What caused you to read this incestual, mutated, retarded abomination of literary words, Jena? Was it a case of reading a train wreck, just to see how bad it was? Was it "Fly-Attracted-To-Light" syndrome?

Was it a lonely, Saturday, with nothing else to do?


----------



## Jena (Nov 27, 2012)

Detective said:


> What caused you to read this incestual, mutated, retarded abomination of literary words, Jena? Was it a case of reading a train wreck, just to see how bad it was? Was it "Fly-Attracted-To-Light" syndrome?
> 
> Was it a lonely, Saturday, with nothing else to do?

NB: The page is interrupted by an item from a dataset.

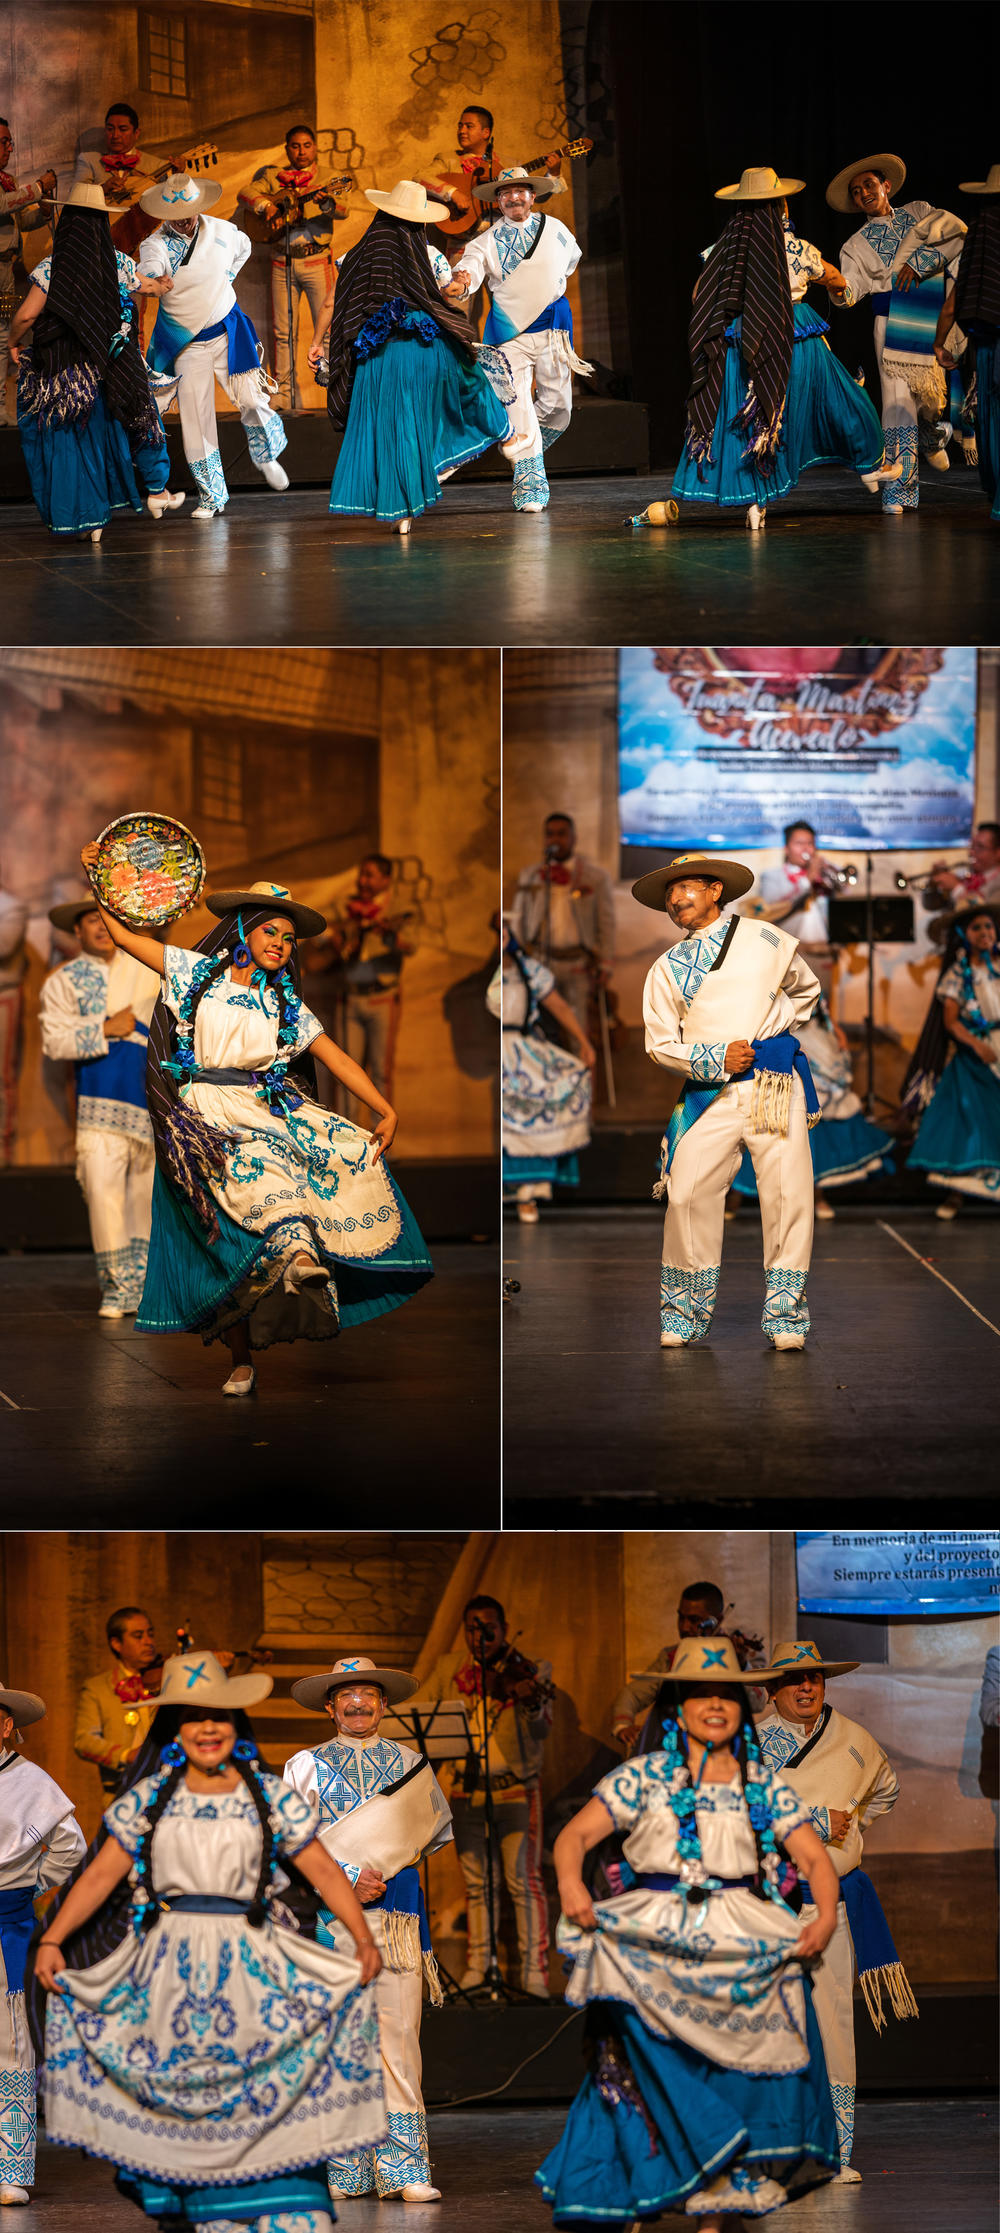 Tío Sergio interpreta un baile regional de Michoacán con los miembros de su grupo en el Teatro Ferrocarrilero Gudelio Morales de Ciudad de México en julio.
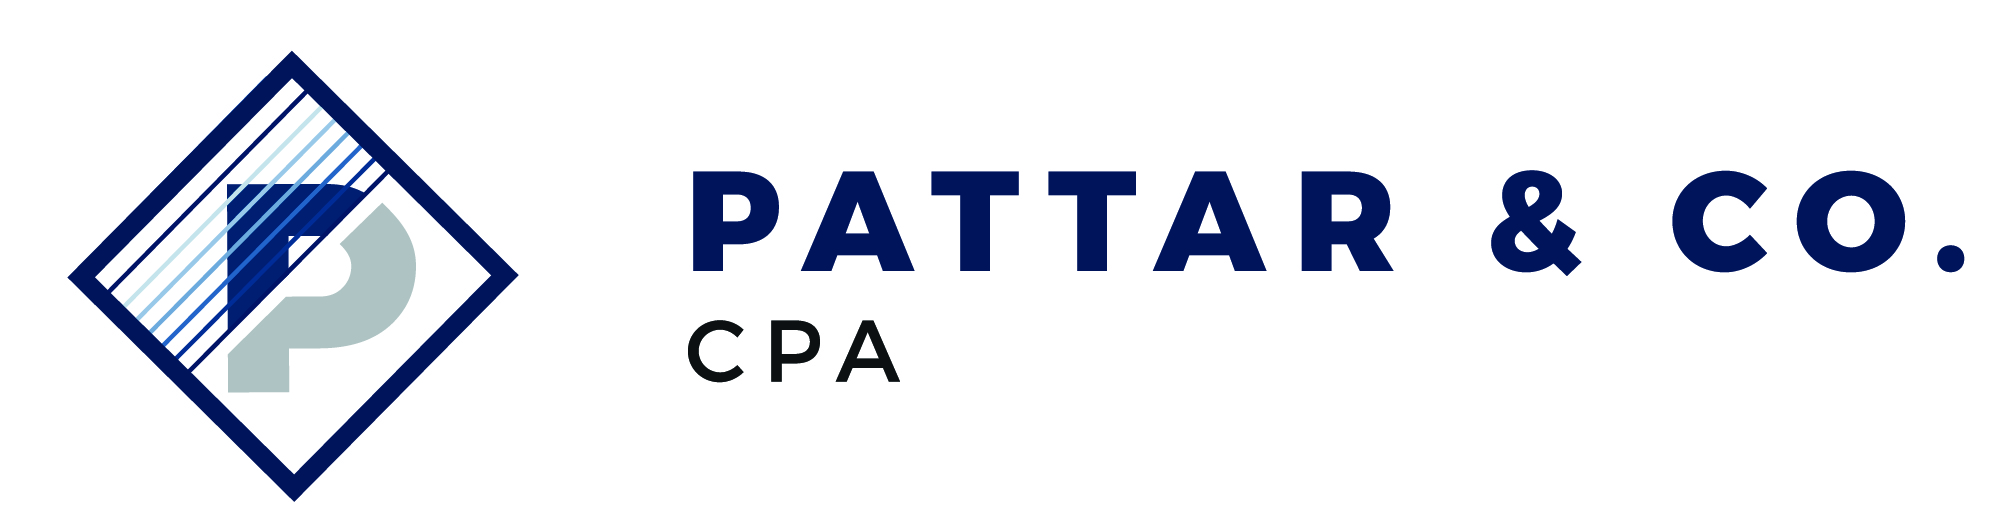 Pattar & Co. CPA, Inc.

My friend had read the book and she gave it a glowing recommendation so I gave it a go. I didn't immediately recognize Cassandra Clare* as being the infamous author of "The Dracy Trilogy" while I was reading the book. The overal terribleness of the novel (and outstanding grammatical errors/criminal repetition of the same adjectives/bizarre metaphors--was her editor completely brain dead while reading this crap?) irked me, and I noticed a few similarities to other works of fiction (notably Harry Potter, Buffy, and Star Wars) but I wasn't sure if I was just unfairly comparing it or reading too much into it. After I finished the steaming pile of horse shit, I went online and realized HOLY SHIT CASSANDRA CLAIRE* IS THAT FANFIC AUTHOR THAT GOT CAUGHT PLAGERIZING and suddenly the book made much more sense.

*She used to go by Cassandra Claire, now it's Cassandra Clare. Not sure why she dropped the letter i in her pseudoname, but there you go.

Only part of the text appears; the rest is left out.